Савка твёрдо, с осудом посмотрел в глаза куму, тот зло щурился, но молчал. Сокольничий сбавил до шёпота голос:

— Гляди, Васелей… как бы кто не услыхал тебя из наших… за такие слова — дыба[50].

— А ты-сь не пужай, малый. — Кум повёл дюжими плечами, скрежетнул зубом: — До неё… «дыбы» твоей, ещё дожить нады. Ты думашь, зачем наш князь Мстислав со всей дружиной в Киев пожаловал? Знаешь? Так вот: я намедни у княжих палат Мономаховых[51] слыхал грешным делом от ихних панцирников[52]… В степь пойдём, к Залозному шляху, и по всему, вборзе[53]! Воть дождемси токмо силушки ратной: больших и малых князей, и всем гуртом тронем коней, куды ворон костей не заносил.

— Эт шо ж, супротив татарвы, выходит?

— Выходит, супротив её, брат ты мой…

Дядька Василий опасливо подмигнул Савке и оголил в улыбке щербатые от кулачных драк зубы.

— Влезли мы, похоже, промеж двух жерновов. С одной стороны половцы и татаре, с другой наши князья — жеребцы ретивые. А нам-то нужно?..

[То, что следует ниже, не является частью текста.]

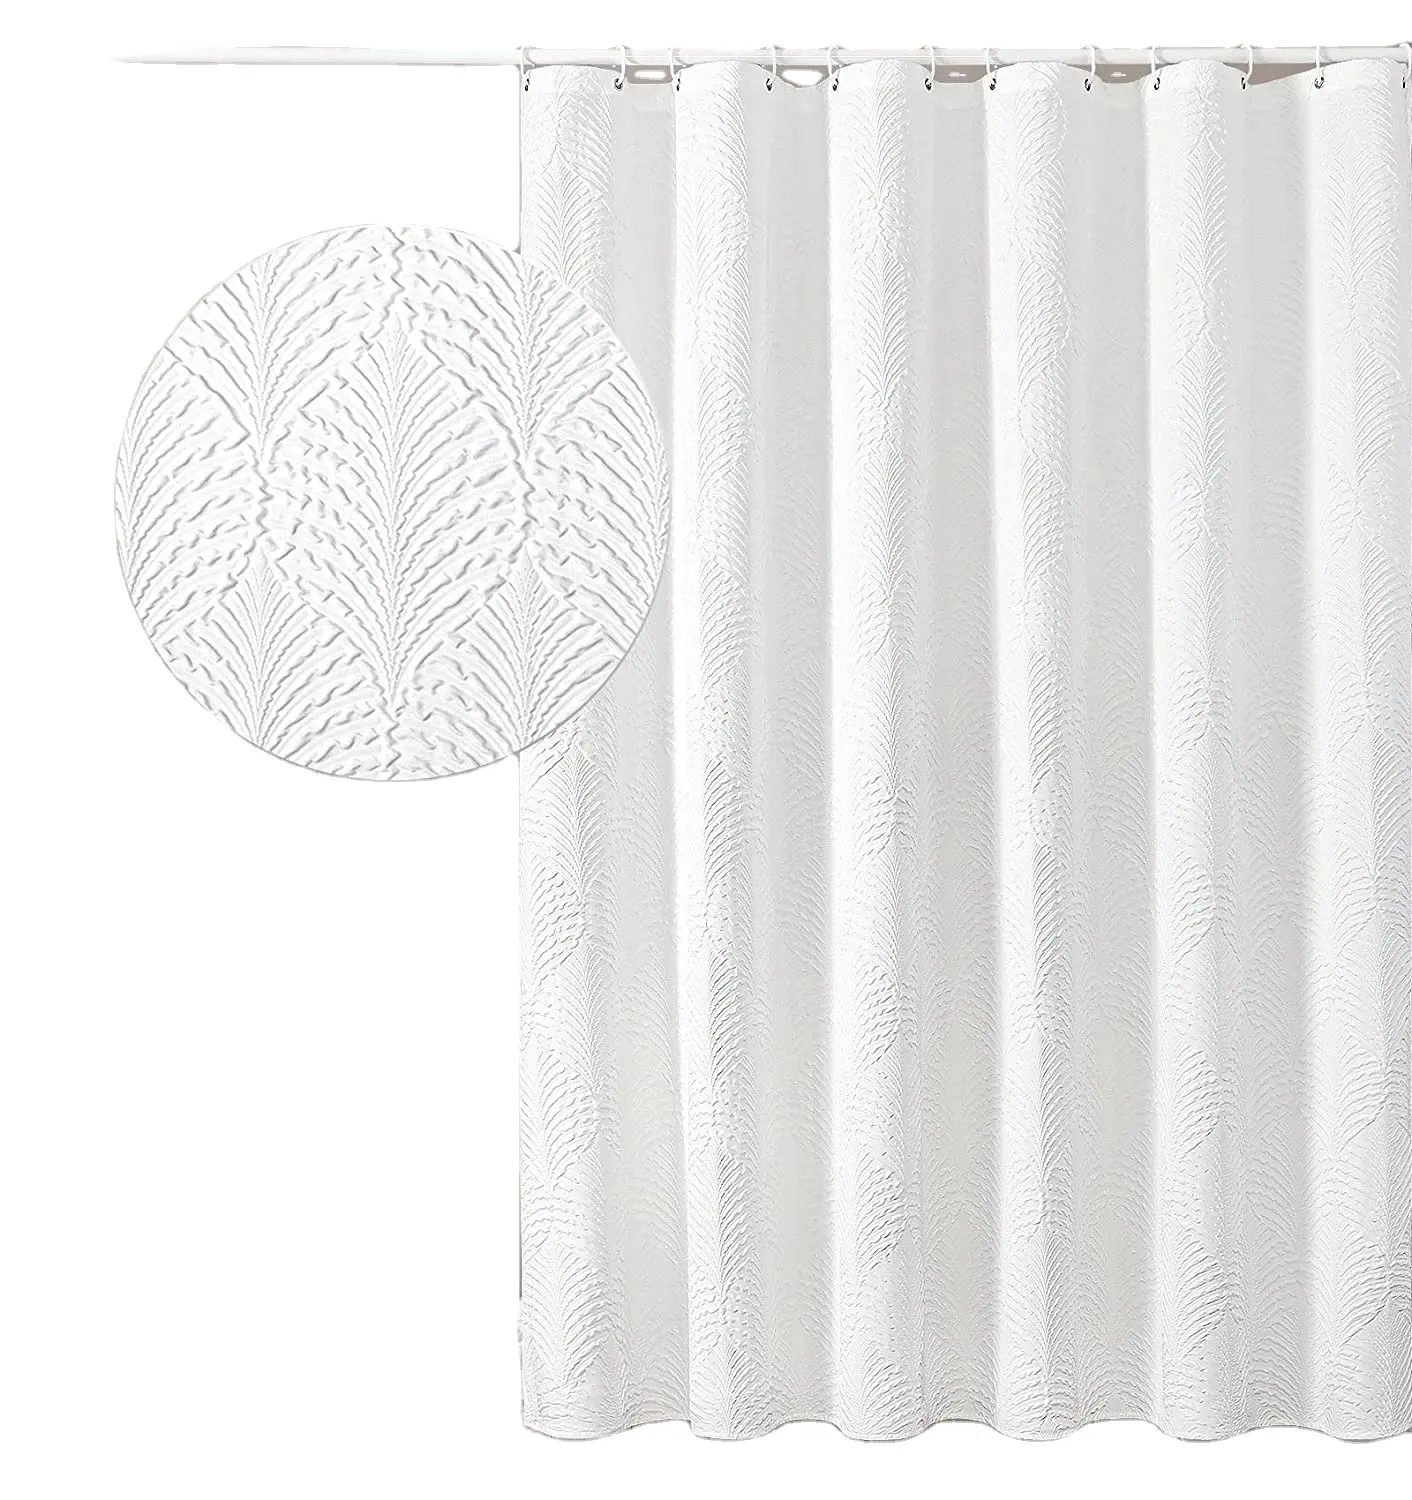 Rideau de douche blanc gaufré 3d pour salle de bain avec crochets set creative home ideas ombre texturé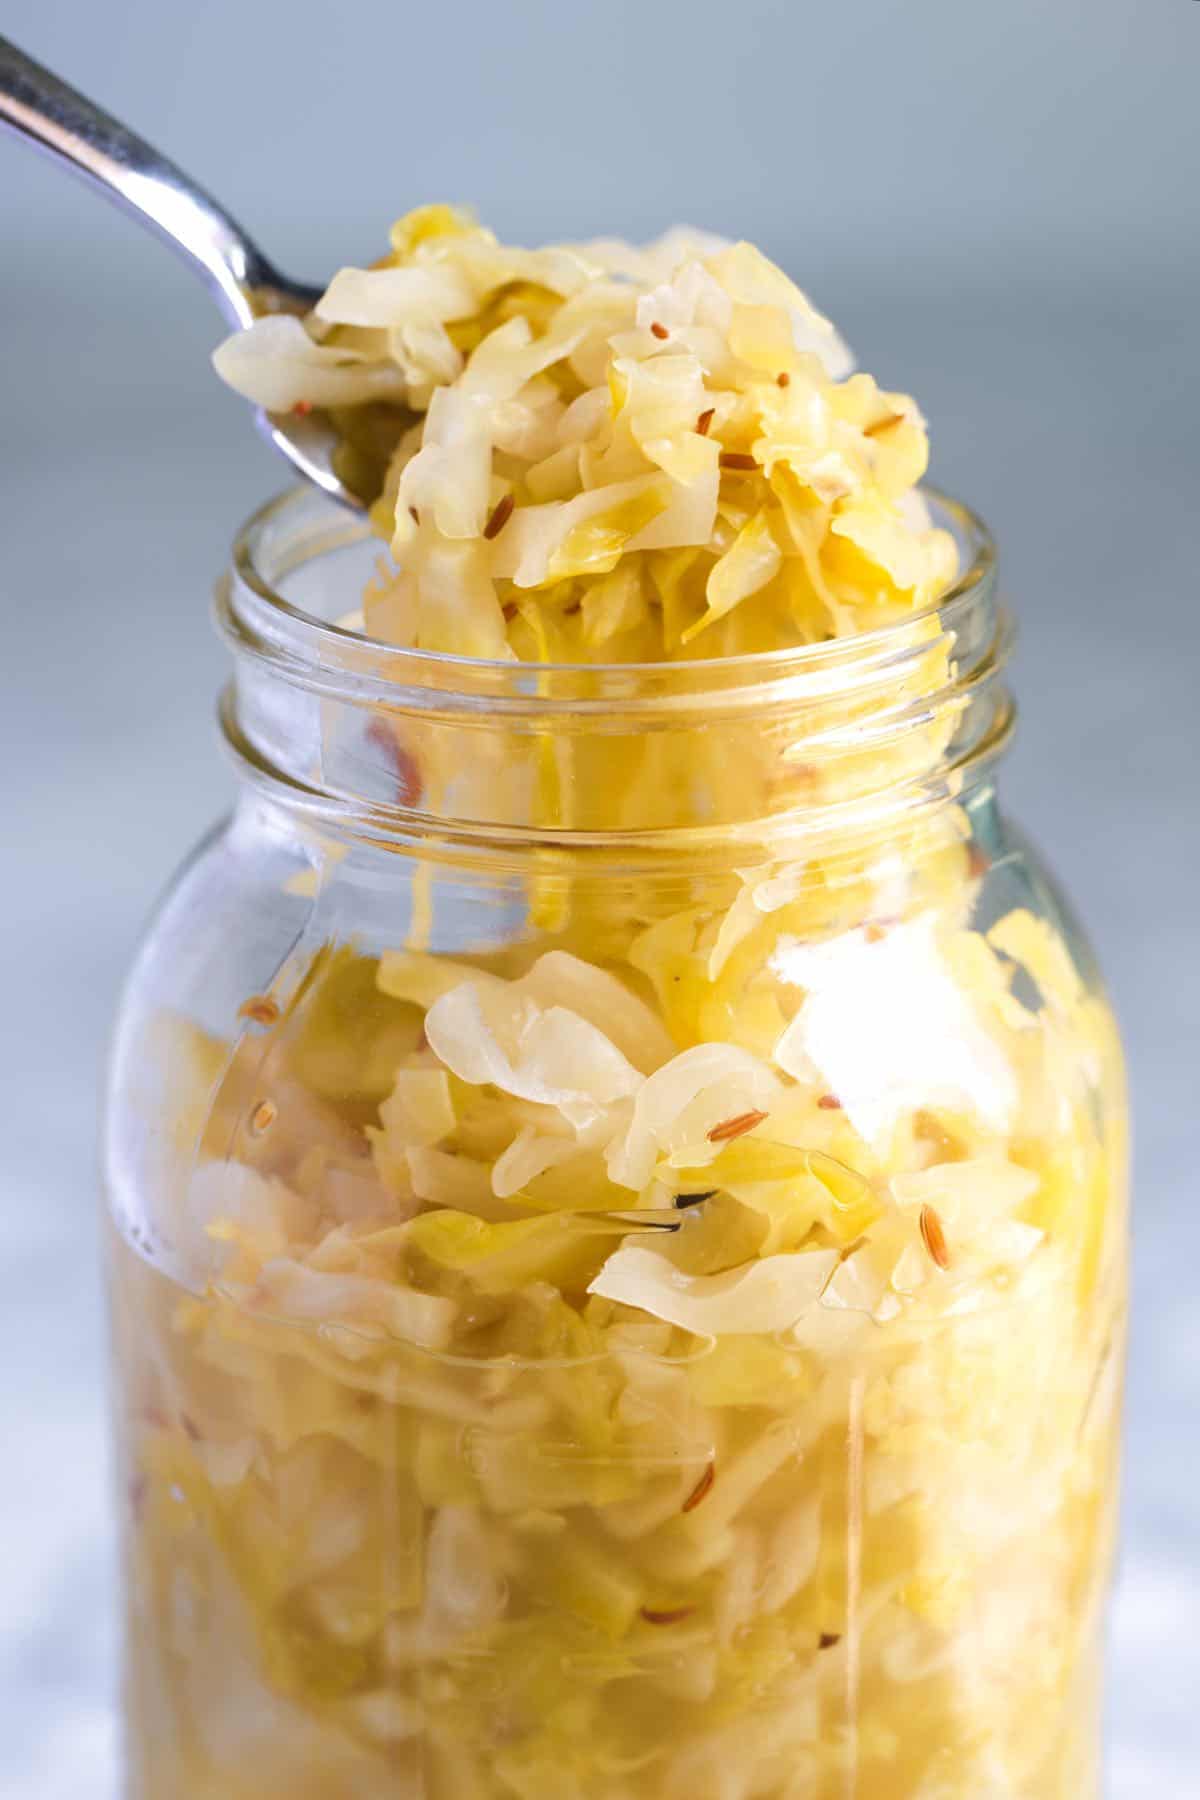 A jar of homemade sauerkraut

Савка последних слов зверобоя не разумел. В душе его случился пожар: «Неужто в настоящей сече мне быть?! С нашим-то князем! Чего ещё больше желать?»

— Кум, поклянись Христом, шо не брешешь… насчёт степи и татаров!

— Да истинный Бог. Но ты — цыц! Я-то тёртый кобель… Жизнь повидал, баб пошшупал, а ты-сь? Чему лыбишься, дура? Гложут тебя капустные кочерыжки. Кровь впереди. Ты сам-то разуй гляделки! Разве не зришь, шо кругом деется? Сии знаменья последних лет… Те старцы вещали: «Явилась миру страшная звезда, лучи к востоку довольно простирающе… и предсказала новую пагубу христианам и нашествия нового ворога… То вышли из-за гор ледовитых и прут на нас Гоги и Магоги! Ныне пришло речённое скончание времени. Конец миру близко!» А ты — гы-гы!..

— Кум, а кум! — У Савки от возбуждения пуще прежнего загуляла по жилам молодецкая звонкая кровь.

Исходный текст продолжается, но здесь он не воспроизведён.